[DATA BLOCK — start]

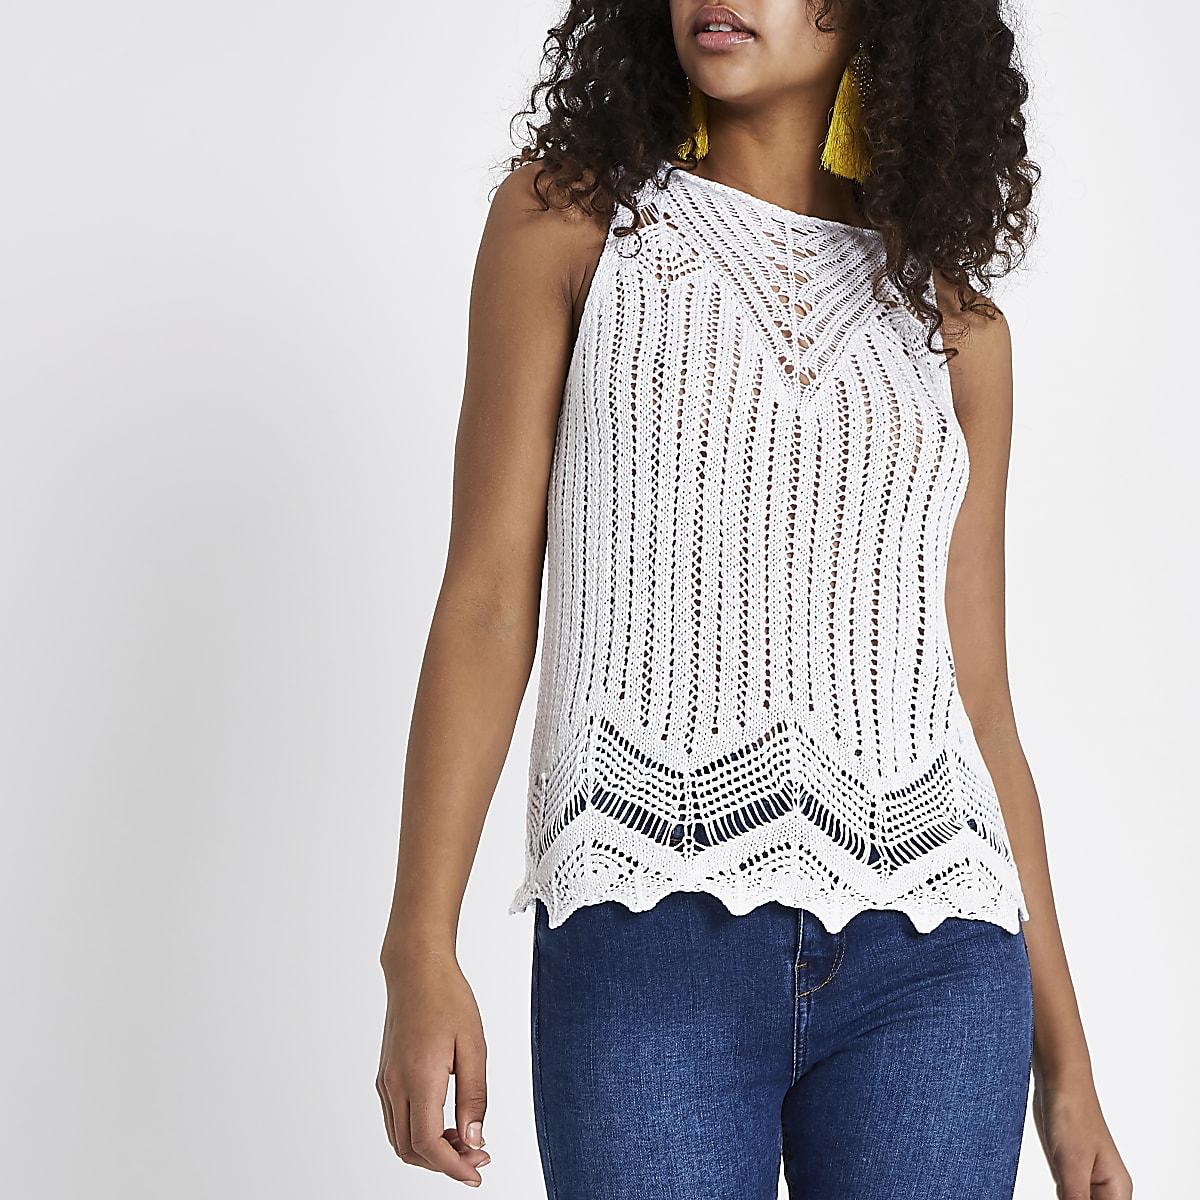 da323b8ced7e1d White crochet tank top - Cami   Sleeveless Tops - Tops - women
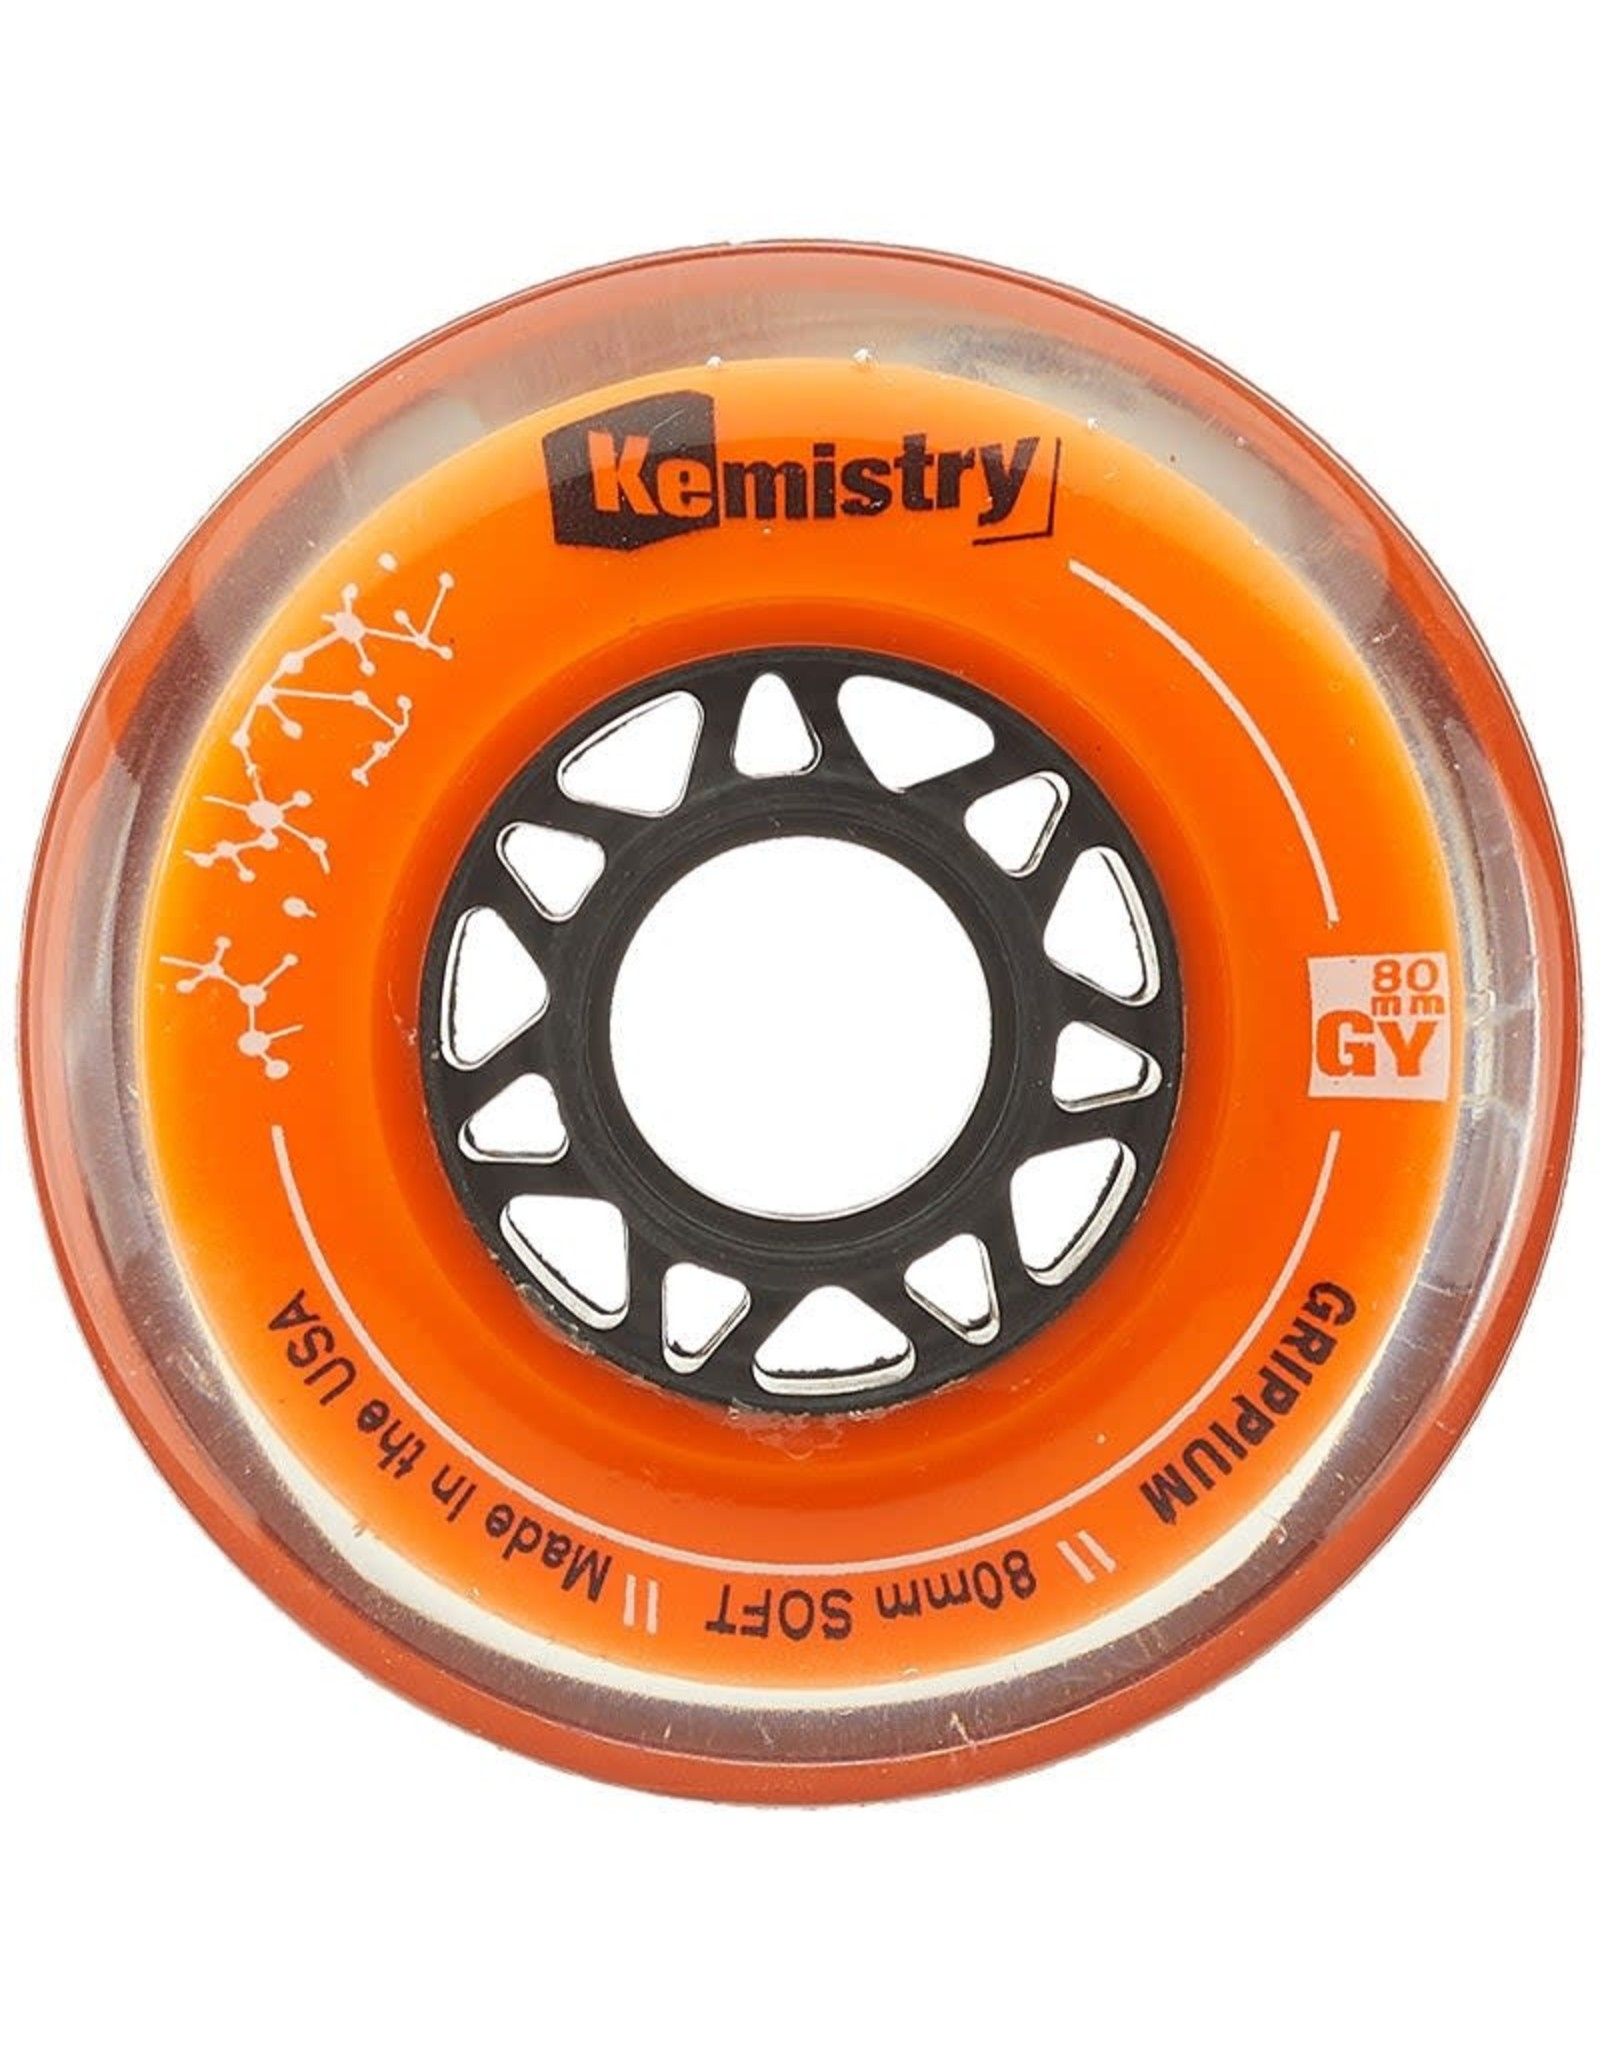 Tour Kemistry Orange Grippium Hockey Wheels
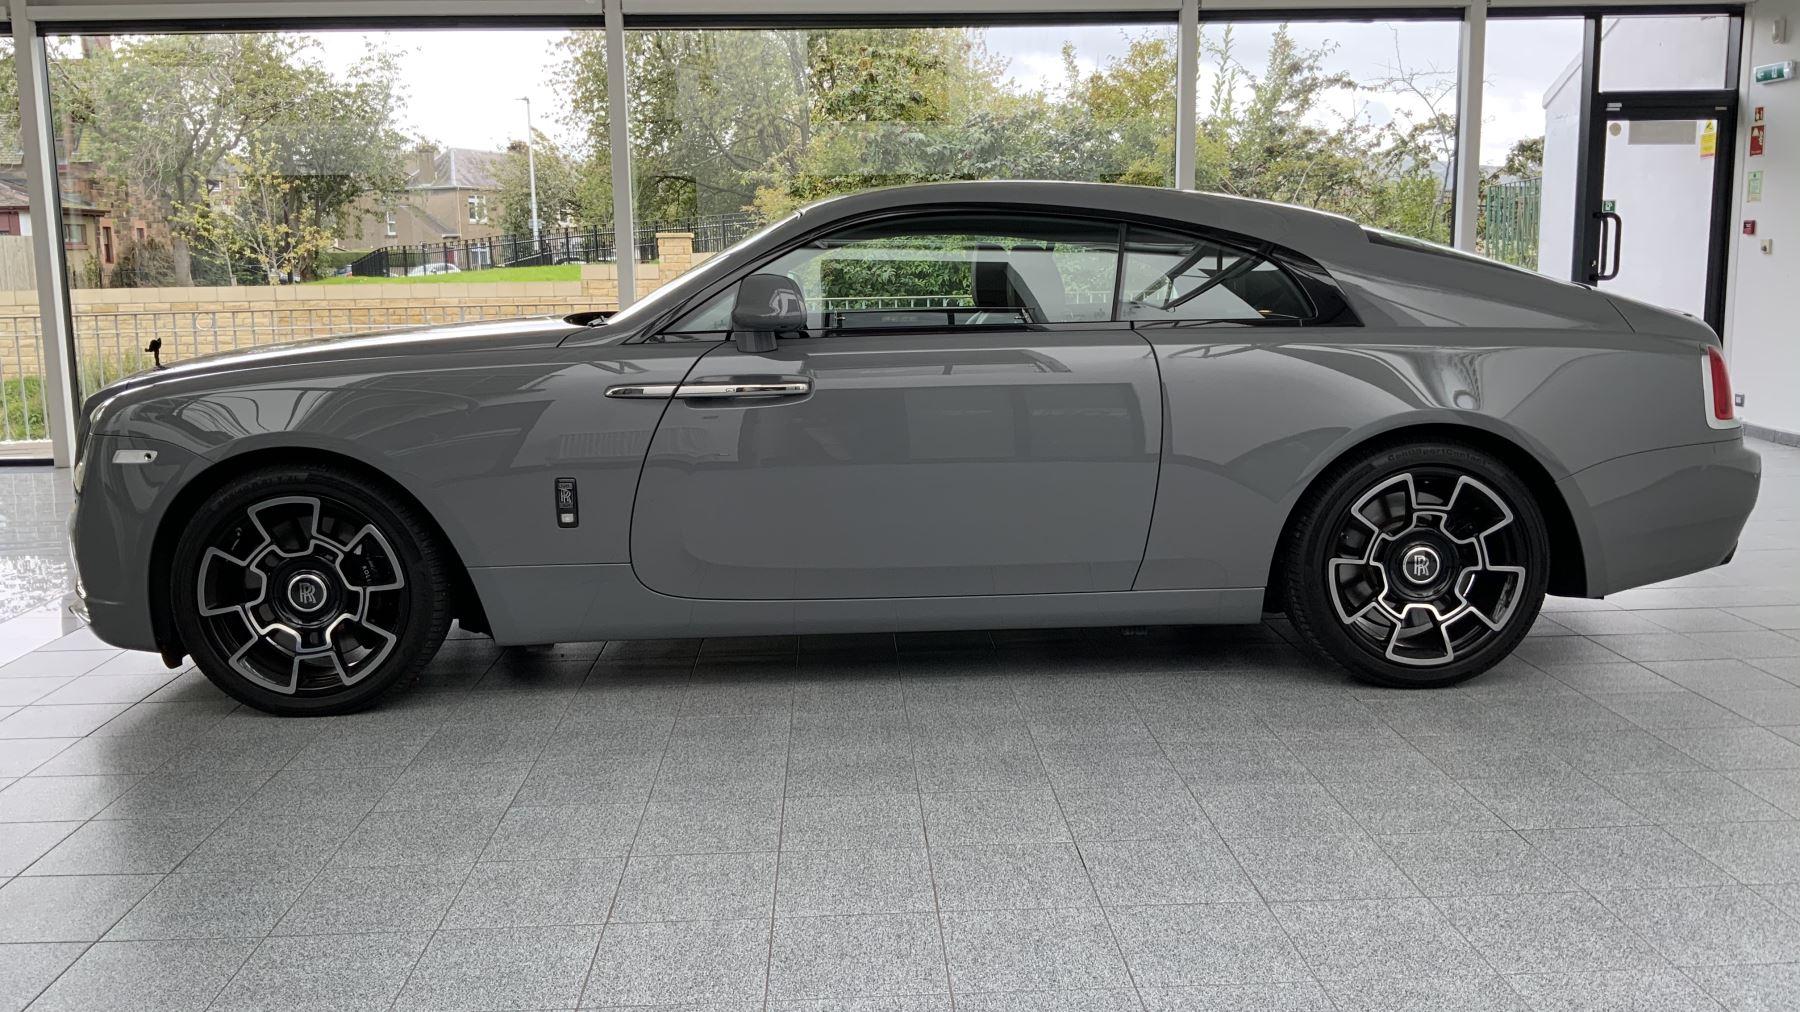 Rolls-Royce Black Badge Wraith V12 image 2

[DATA BLOCK — finish]

▸ **YOUR GOAL**
Word for word, restate all of the material above except its pictures.

▸ **RESULT FOR THIS TASK**
 da323b8ced7e1d White crochet tank top - Cami   Sleeveless Tops - Tops - women
 Tour Kemistry Orange Grippium Hockey Wheels
 Rolls-Royce Black Badge Wraith V12 image 2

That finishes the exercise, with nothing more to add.